The EU on Wednesday warned Poland’s right-wing government to suspend controversial court reforms or risk unprecedented sanctions.
Sharply escalating a standoff with Warsaw, First Vice President of the European Commission Frans Timmermans said Brussels could launch disciplinary action next week.
He also threatened to move toward halting Poland’s voting rights in the 28-nation bloc further down the line — a so-called “nuclear option” that the EU has never invoked.
Photo: Reuters
Thousands of protesters have rallied in Polish cities over the reforms by the ruling Law and Justice party (PiS) that would give parliament powers over the selection of judges.
“These laws considerably increase the systemic threat to the rule of law in Poland,” Timmermans said after a high-level meeting in Brussels.
“Collectively, they would abolish any remaining judicial independence and put the judiciary under full political control of the government,” he said.
In Warsaw, the Polish Ministry of Foreign Affairs issued a statement lashing the EU’s response as “unfounded and unjustified,” as well as “premature” given that the legislative process was still under way.
PiS leader Jaroslaw Kaczynski said judicial reform was purely an affair of the Polish state.
“The issues that we are dealing with are the exclusive competence of the state,” he said on the public news channel TVP Info, referring to Timmermans’ statement as “an abuse, an act of a political nature.”
The clash underscores a growing rift between Brussels and eastern member states where populist and increasingly authoritarian governments are pushing for greater sovereignty, particularly over migration.
The EU first warned Poland early last year over reforms of the constitutional court by the PiS after it won elections the previous year.
The European Commission said in a statement that it “urges the Polish authorities to put the new laws on hold” and that it would “swiftly prepare infringement procedures for breach of EU law” against Warsaw to be discussed next week.
EU states can be taken to the bloc’s highest court and eventually given stiff fines for such breaches.
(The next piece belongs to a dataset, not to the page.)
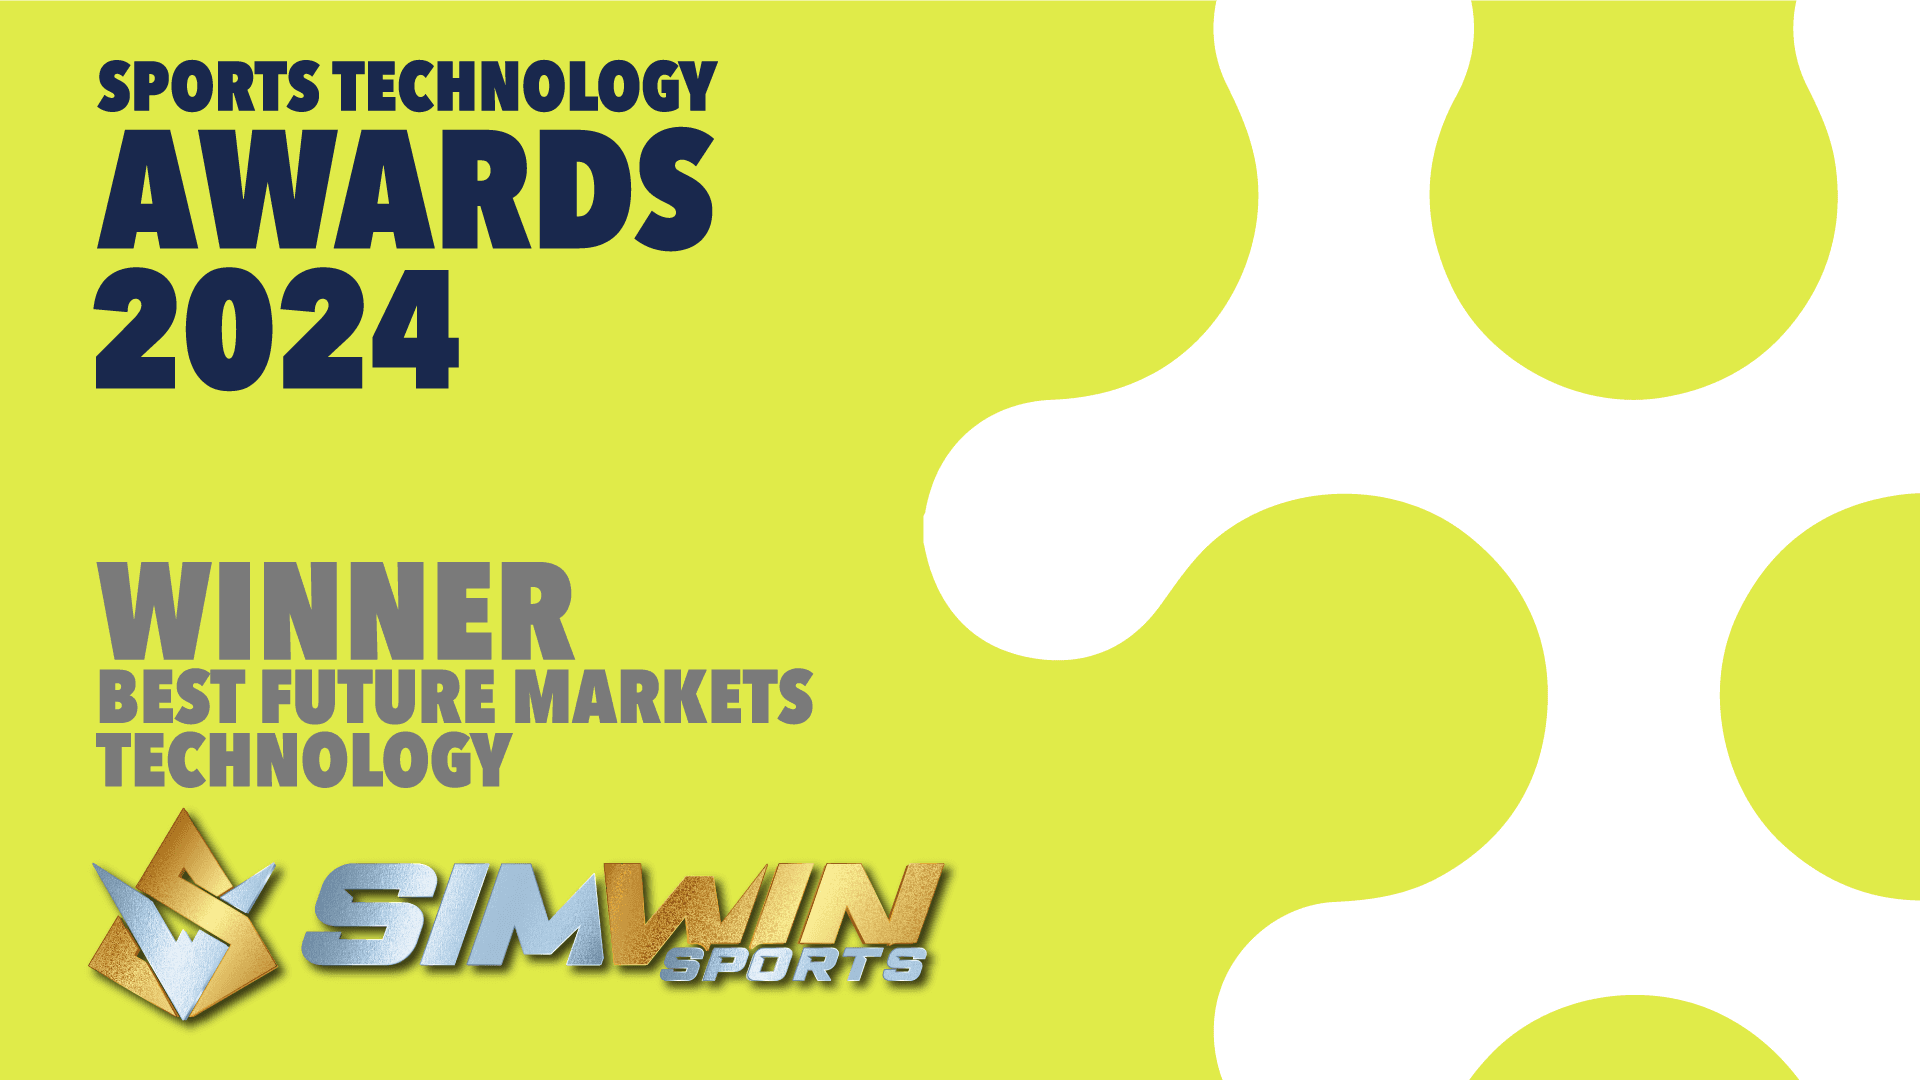 Best Future Markets Technology Award 2024

Timmermans added that “we are very close to triggering Article 7” — the bloc’s never-before used “nuclear option” that can halt a country’s right to vote in EU meetings.
However, Poland is likely to escape such a measure as it would be vetoed by its ally Hungary.
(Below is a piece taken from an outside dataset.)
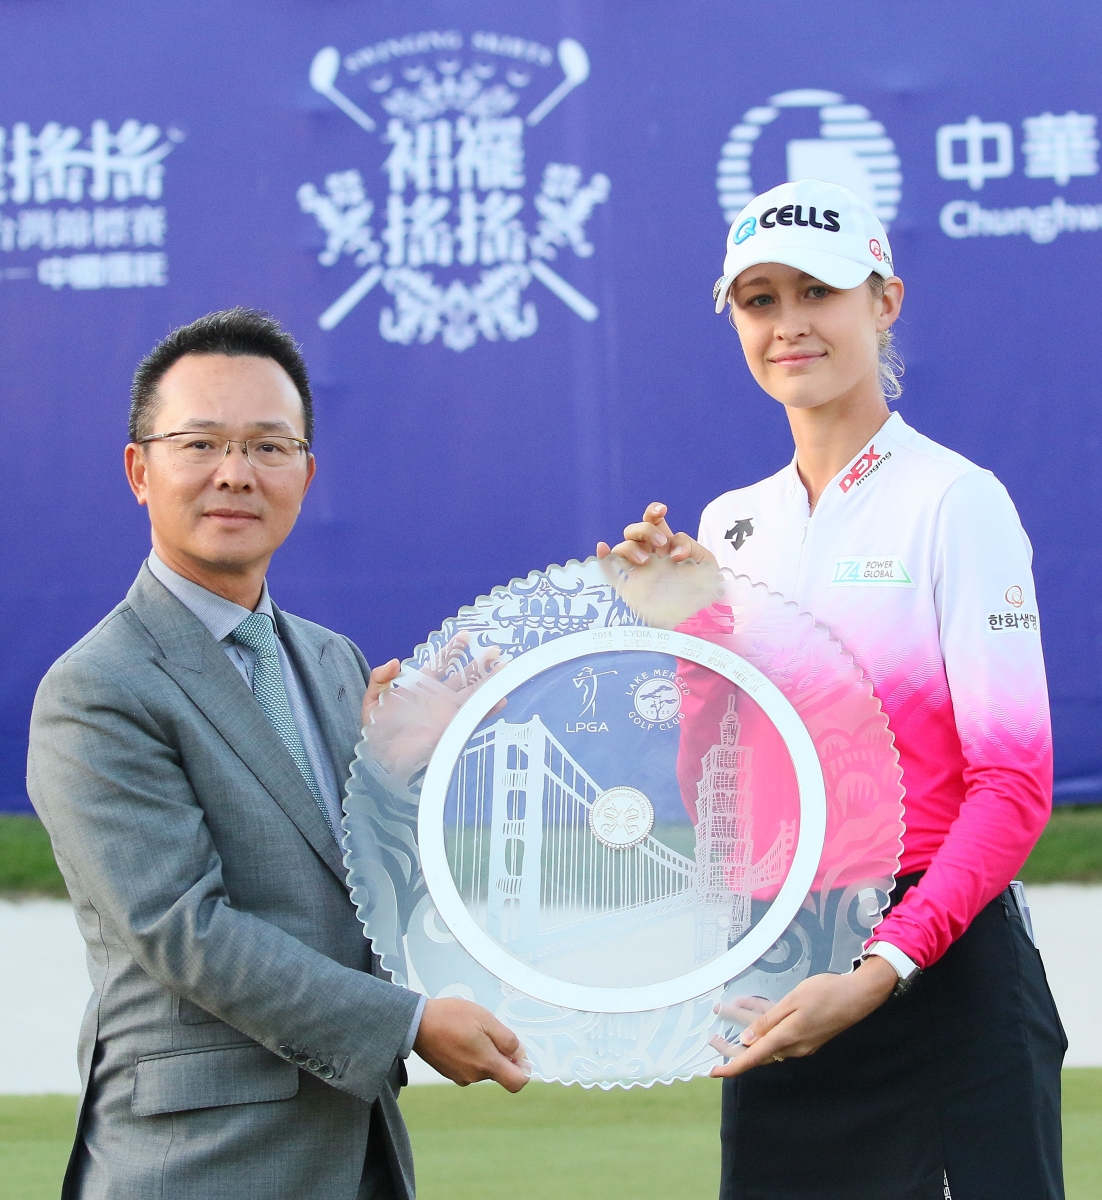 2018年在大溪球場拿下裙襬搖搖LPGA台灣錦標賽冠軍的科達 (Nelly Korda，圖右)，業餘時期也是裙襬搖搖AJGA邀請賽冠軍得主(2015)；左為裙襬搖搖基金會會長王政松。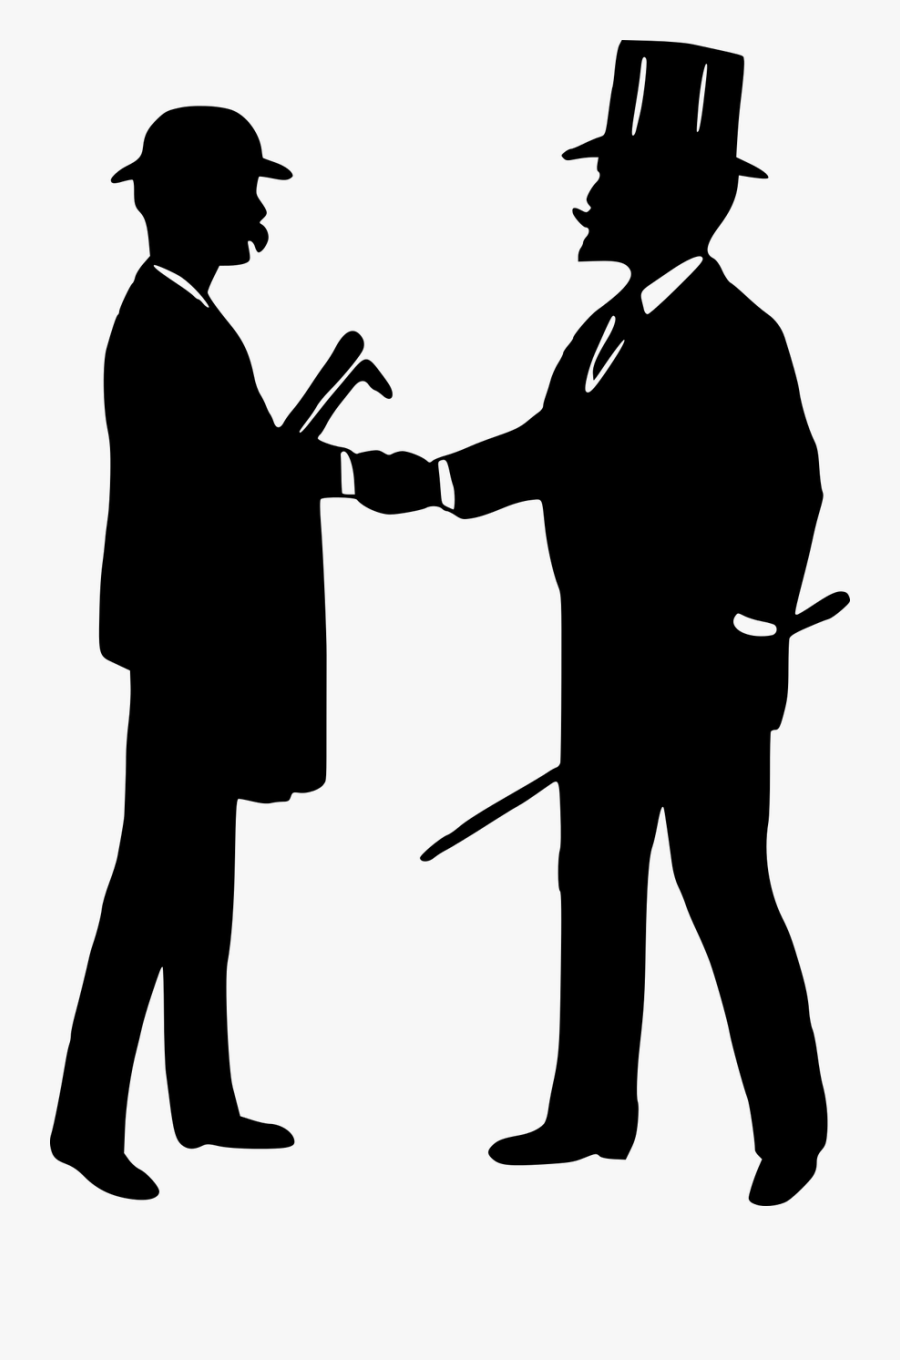 Gentleman Gentlemen Greeting Free Picture - Gentleman Shaking Hands, Transparent Clipart

Timmermans also spoke out against the intimidation of reporters who have been critical of the Polish government, adding: “In darkness, democracy dies”.
Rights group Amnesty International said the EU’s Article 7 threat was a “positive step.”
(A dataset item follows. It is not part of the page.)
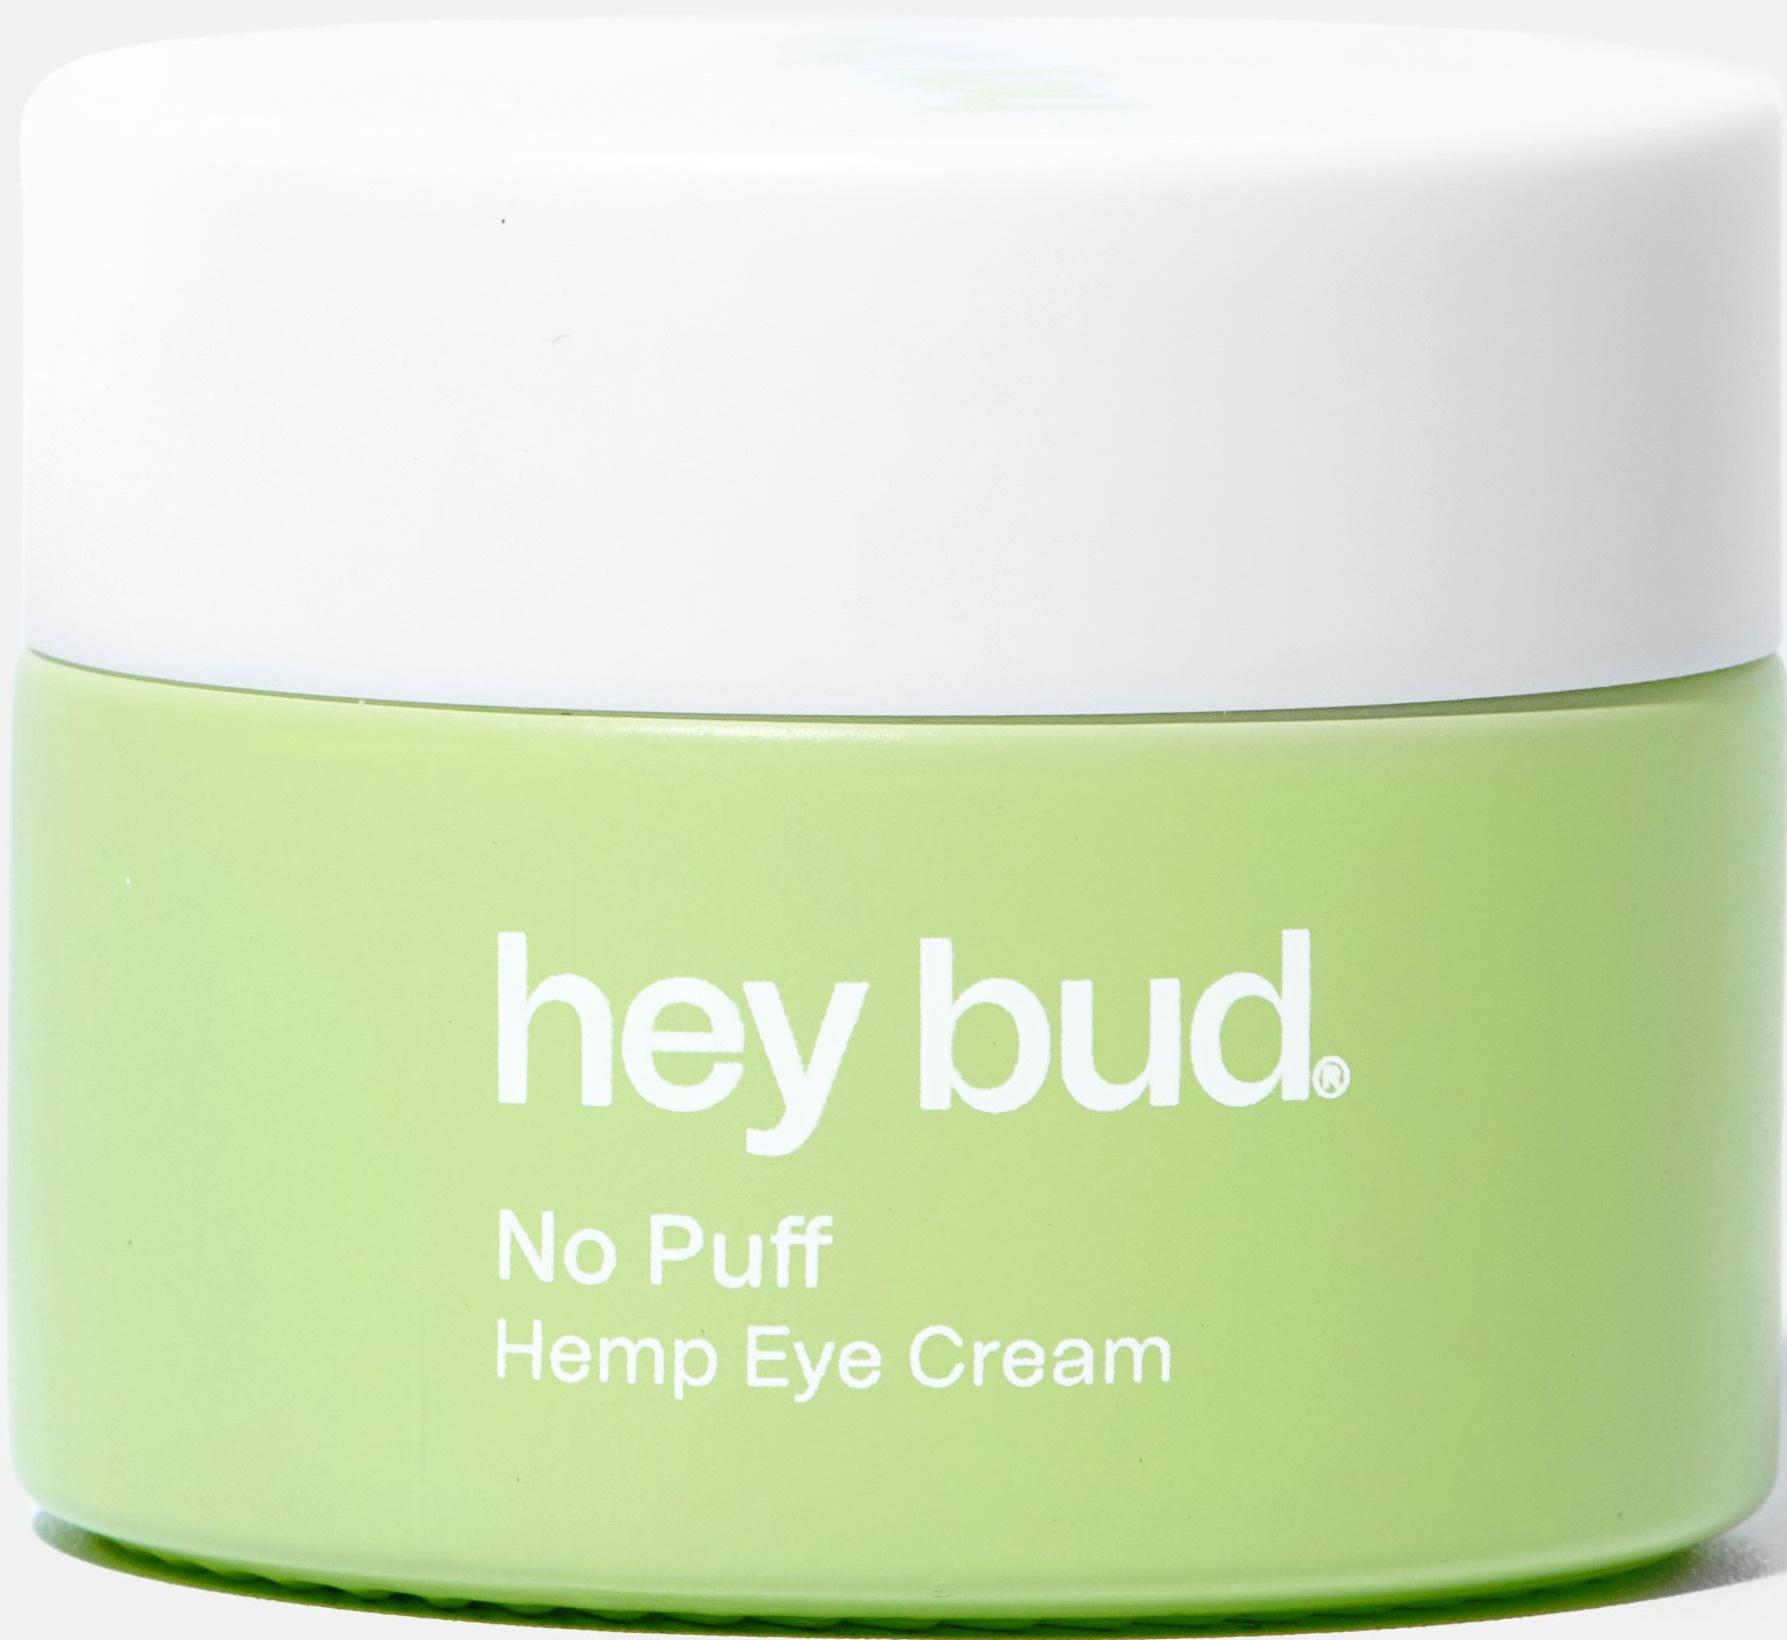 hey bud Hemp Eye Cream

The latest of the Polish reforms — a draft law giving the justice minister power to make appointments to the Supreme Court — triggered angry exchanges in the Polish parliament late on Tuesday.
Kaczynski said opponents of the plan “murdered” his brother, then-Polish president Lech Kaczynski, who was killed in a plane crash in Russia in 2010.
On Sunday, thousands rallied in Warsaw and other cities against reforms endorsed last week by parliament and more protests took place on Tuesday in Warsaw.
The first of those laws stipulates that from now on the parliament will choose the members of the National Council of the Judiciary, which oversees the selection of judges and is meant to protect the independence of the courts. The second bill states that the justice minister will name the chief justices of common courts.
Both texts need only to be signed by Polish President Andrzej Duda, who is closely allied with the PiS, to become law.
However, Duda, in a surprise move on Tuesday, said he would not approve the Supreme Court reform unless lawmakers amended the bill on the judiciary council to ensure the PiS would not have complete control over its composition.